Detection of clonal deceleration
We detect deceleration using two different approaches—the ratio between expected and observed clone size using phylodynamic estimates and the ratios between observed and historical (from longitudinal data) and between late and expected (from phylogenetic data), respectively. To obtain the late growth rate we fit a biphasic log-linear model to our phylodynamic estimation of Neff—this enables us to obtain an early and a late growth rate (details in the Supplementary Methods).
Expected and observed clone size
The expected clone size is calculated by extrapolating the early growth rate until the age of sampling; having this we can calculate the ratio between expected and observed growth. The ratio between these quantities is then used as a measure of deceleration (details in the Supplementary Methods).
Growth ratio in phylogenetic data
The late growth rate is defined as the late growth rate defined in the previous section of the methods. The expected growth rate for the phylogenies is calculated as the growth coefficient for a sigmoidal regression that assumes a population size of 200,000 HSC as the carrying capacity. We then use the ratio between these quantities as a measure of deceleration (1 implies no deceleration; <1 implies deceleration).

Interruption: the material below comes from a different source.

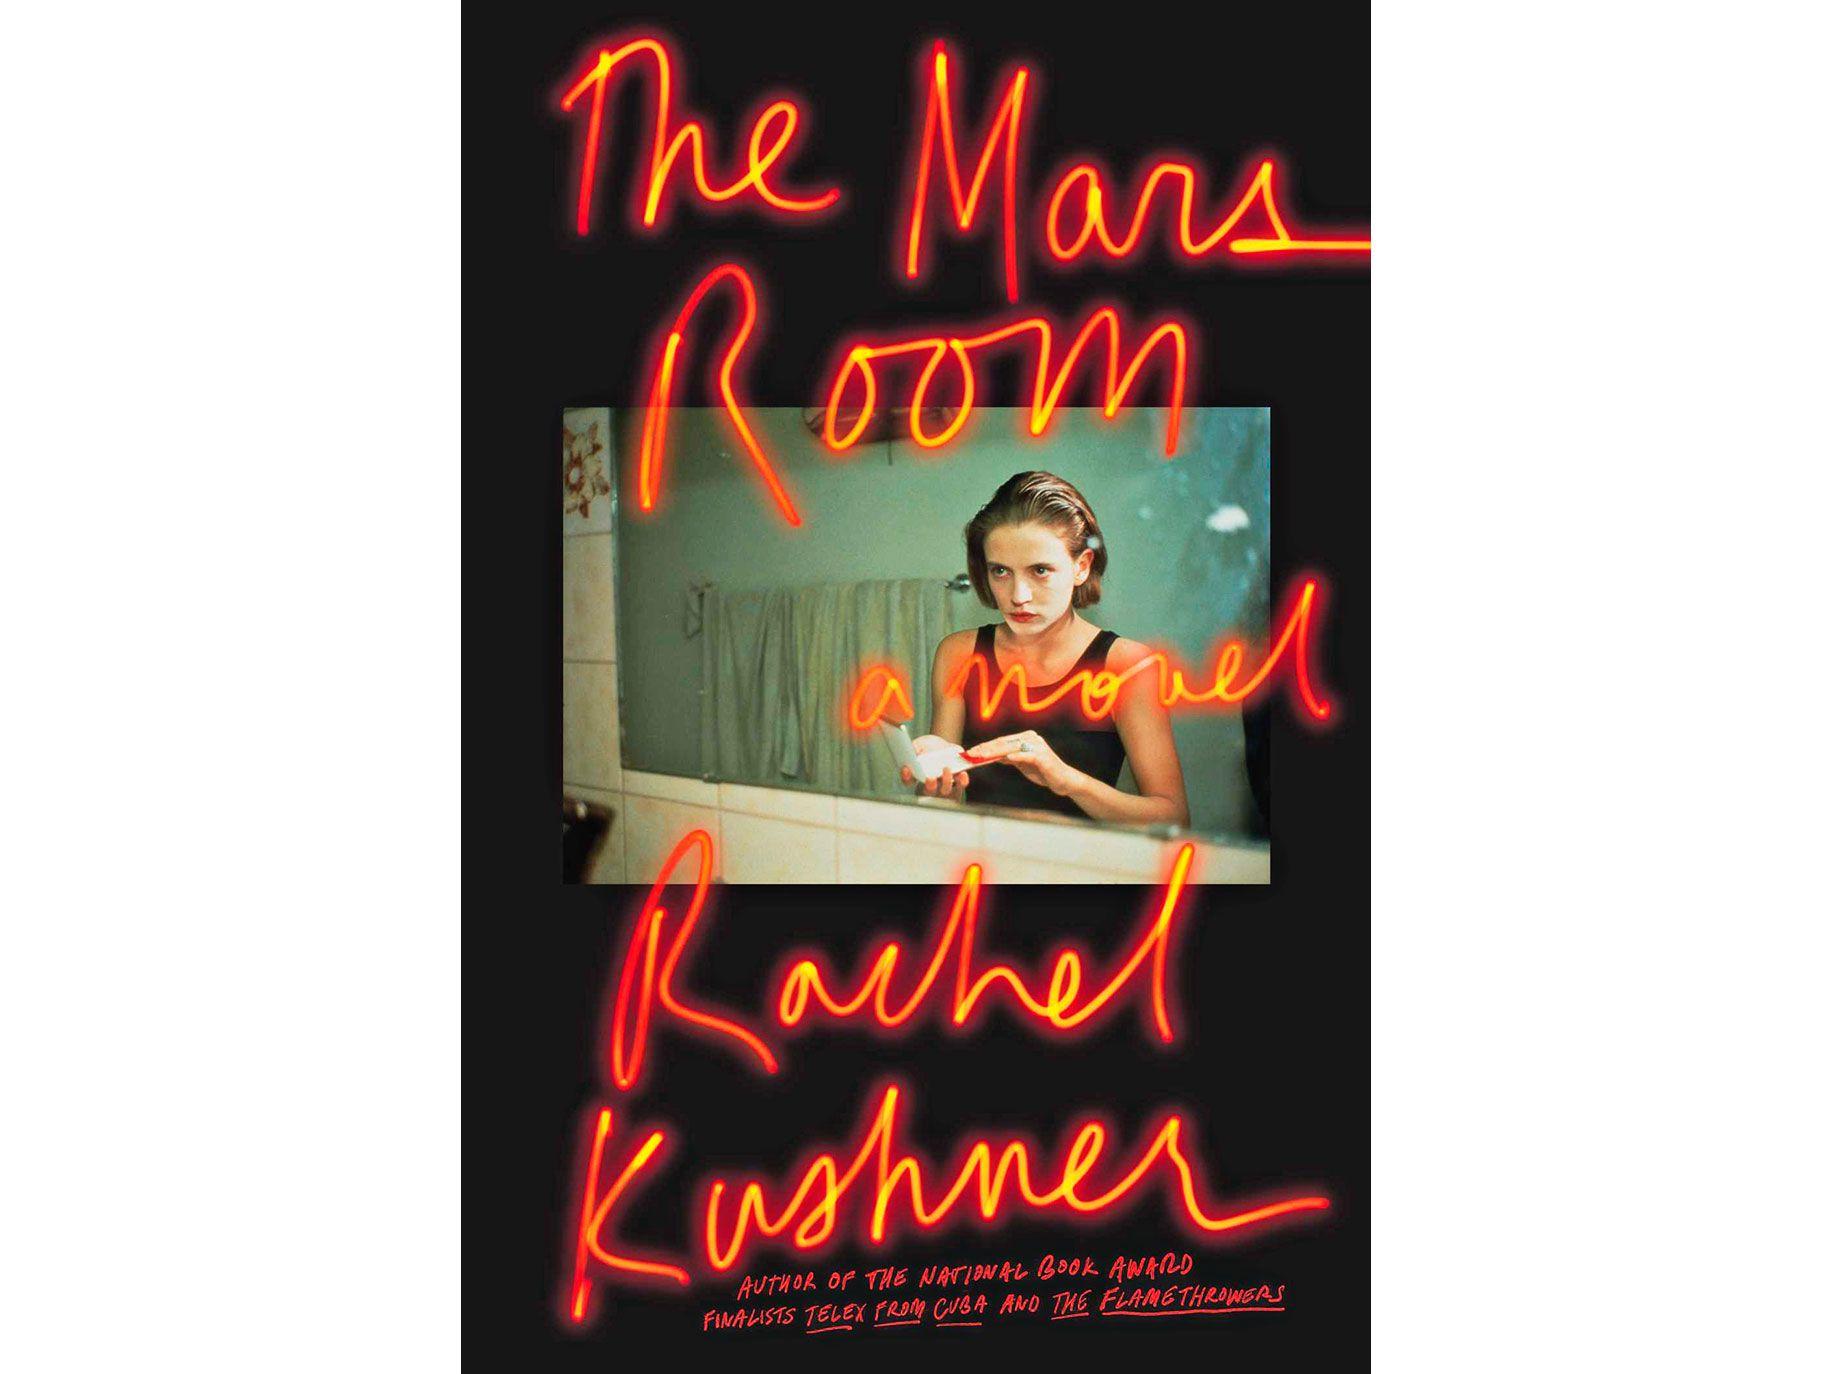 """The Mars Room"" by Rachel Kushner, 352 pages, Scribner, $27"

Growth ratio in longitudinal data
The observed growth rate is defined as the growth rate inferred directly from the data. The minimal historical growth is the growth rate estimate obtained by restricting clone initiation to a time after conception (age at at onset > −1).

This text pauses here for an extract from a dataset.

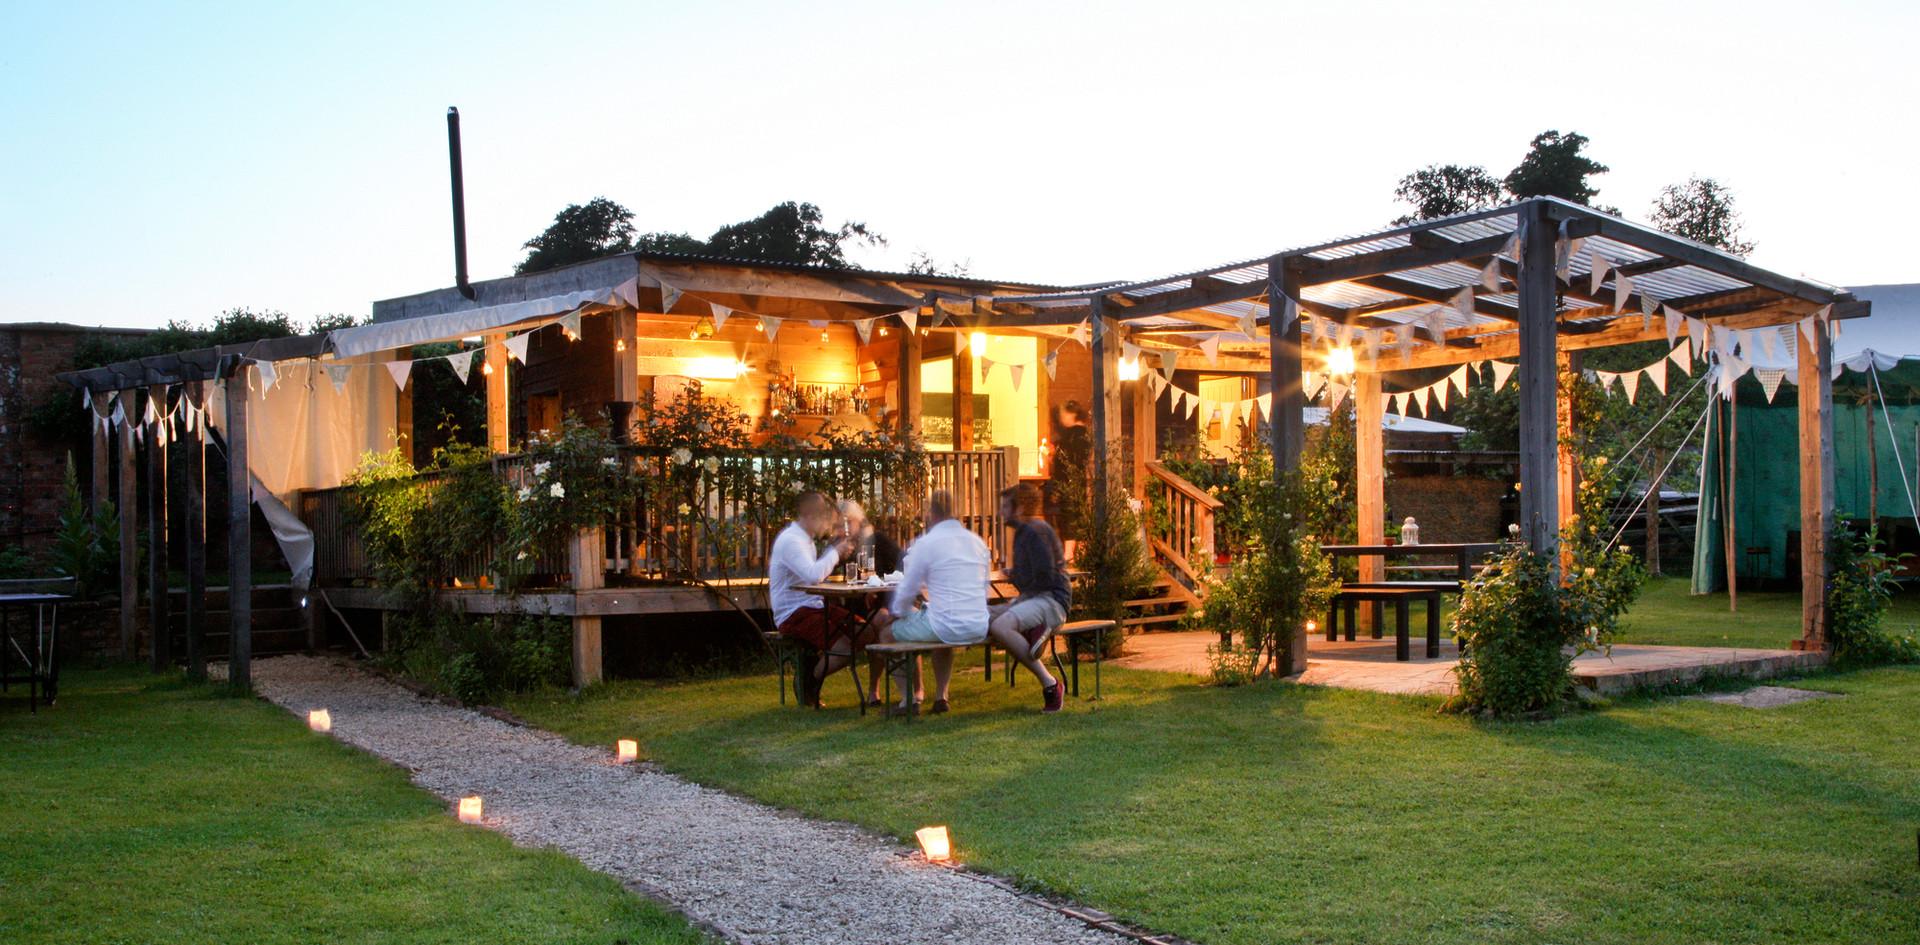 The pavilion pergola bar at dusk
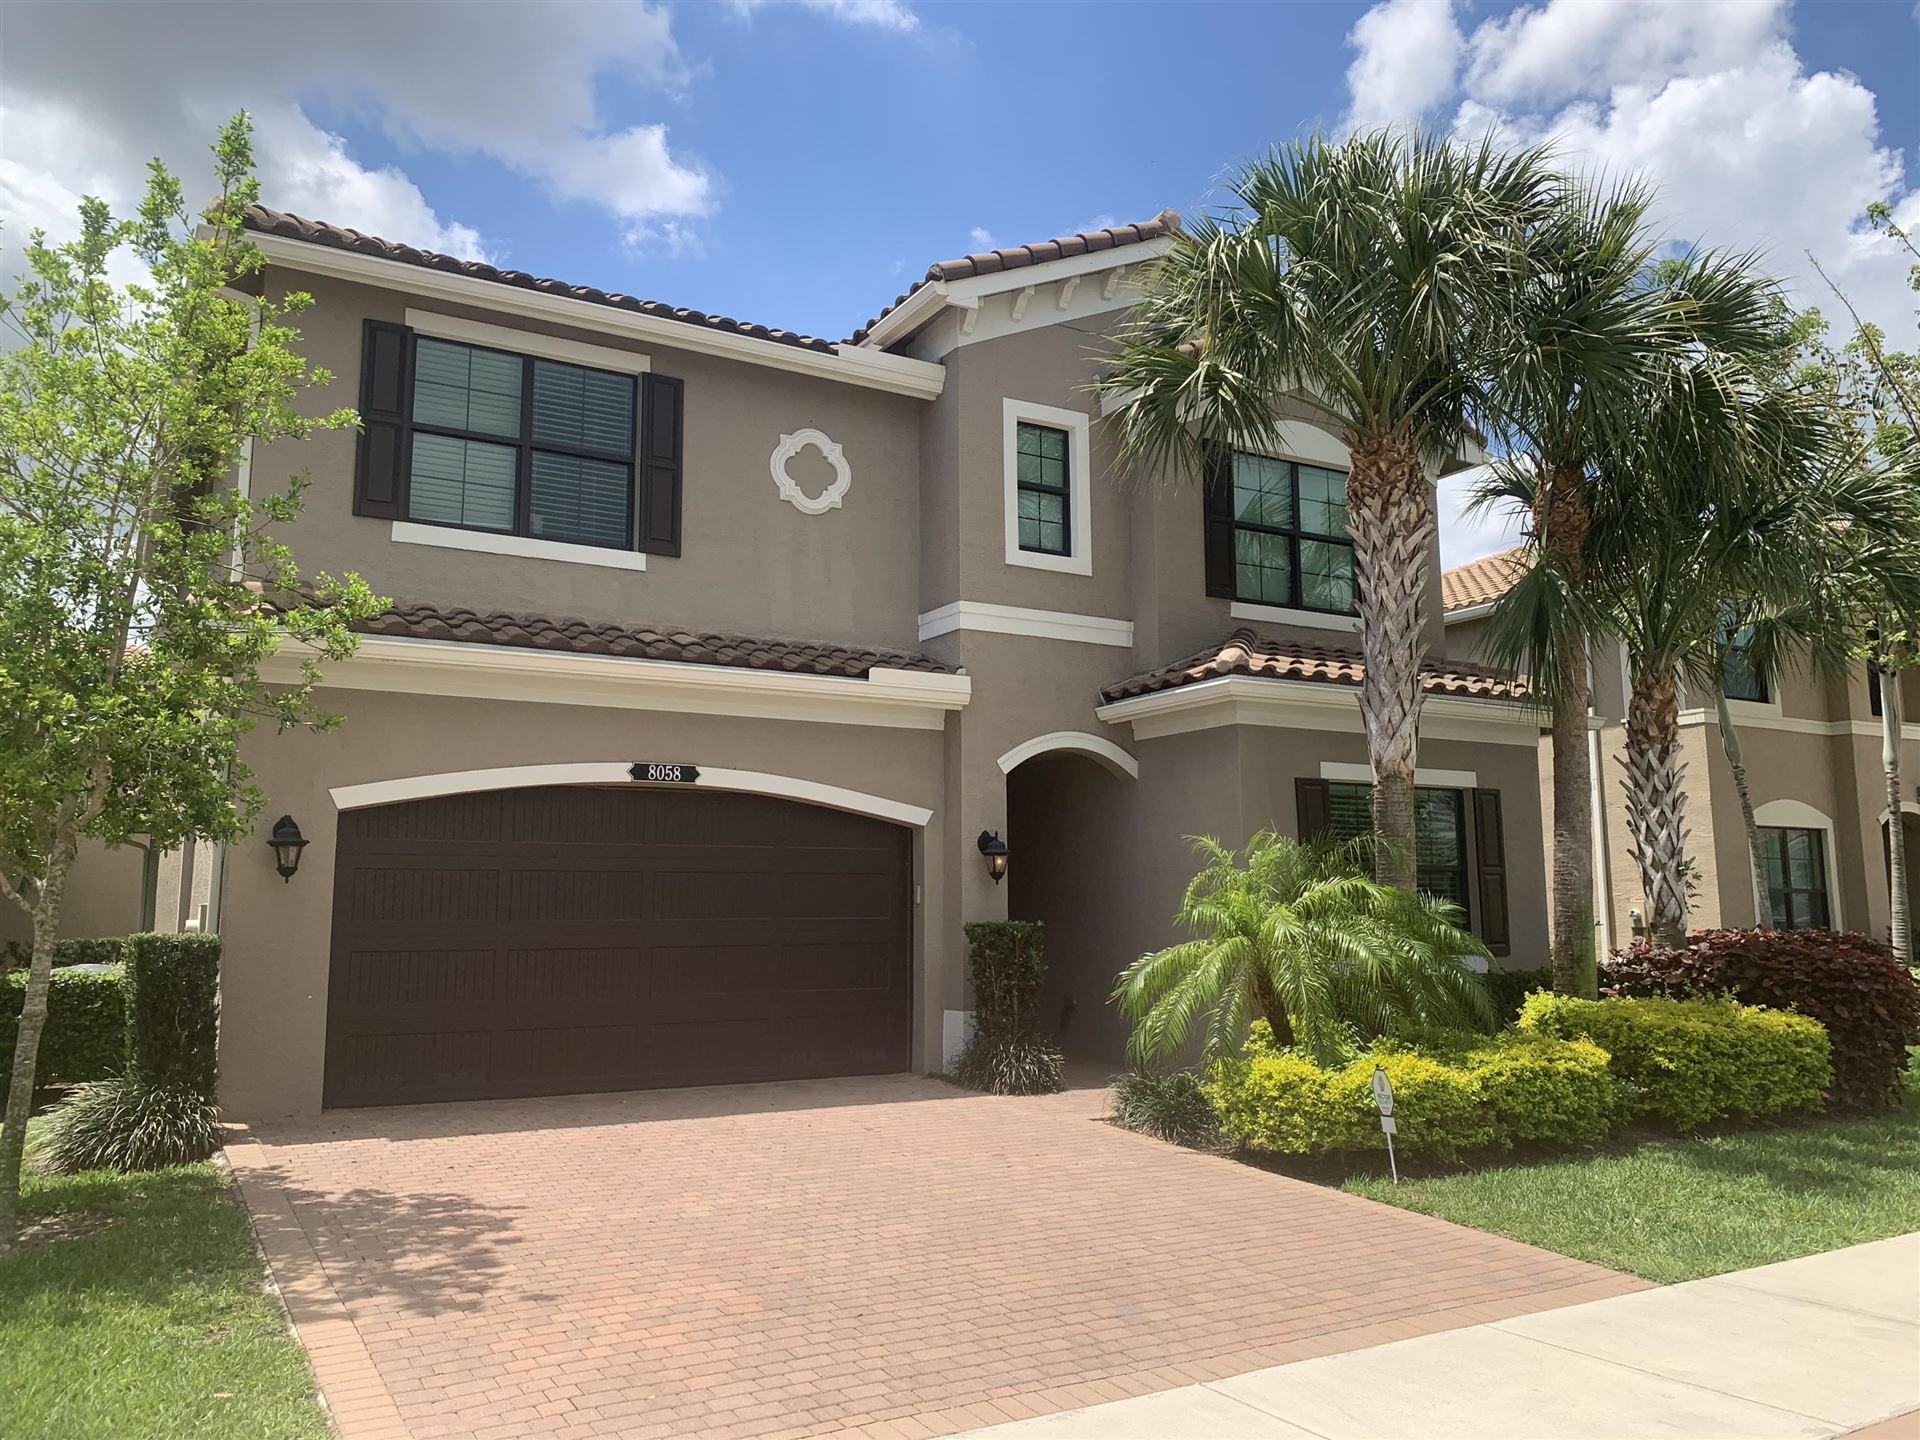 8058 Green Tourmaline Ter Terrace, Delray Beach, FL 33446 - MLS#: RX-10713176

Clonal haematopoiesis dynamics and malignant progression
To calculate the association between clonal haematopoiesis dynamics and AML we used the risk coefficients from our previous work in predicting the onset of AML5, which were calculated by fitting a Cox-proportional hazards model that calculated the risk of AML onset associated with each gene (agnostic of clone size) while controlling for age, sex and cohort, and estimate the coefficient of correlation between the expected value of the annual growth for the posterior distribution of each gene (considering gene, site and unknown-cause effects) and the AML progression risk.
The association between clonal haematopoiesis dynamics and selection in MDS and AML use the dN/dS values calculated with dNdScv as previously described in the methods, using two distinct cohorts from previous studies41,42. dN/dS values were calculated for all hotspots and their coefficient of correlation with the expected value of the annual growth for the posterior distribution of each hotspot (also considering gene, site and unknown-cause effects) was calculated.
Statistical analyses
All statistical analyses were conducted using the R software63 – MCMC models were fitted using greta55 and hypothesis testing, generalized linear models and maximum likelihood fits were performed in base R.
Reporting summary
Further information on research design is available in the Nature Research Reporting Summary linked to this paper.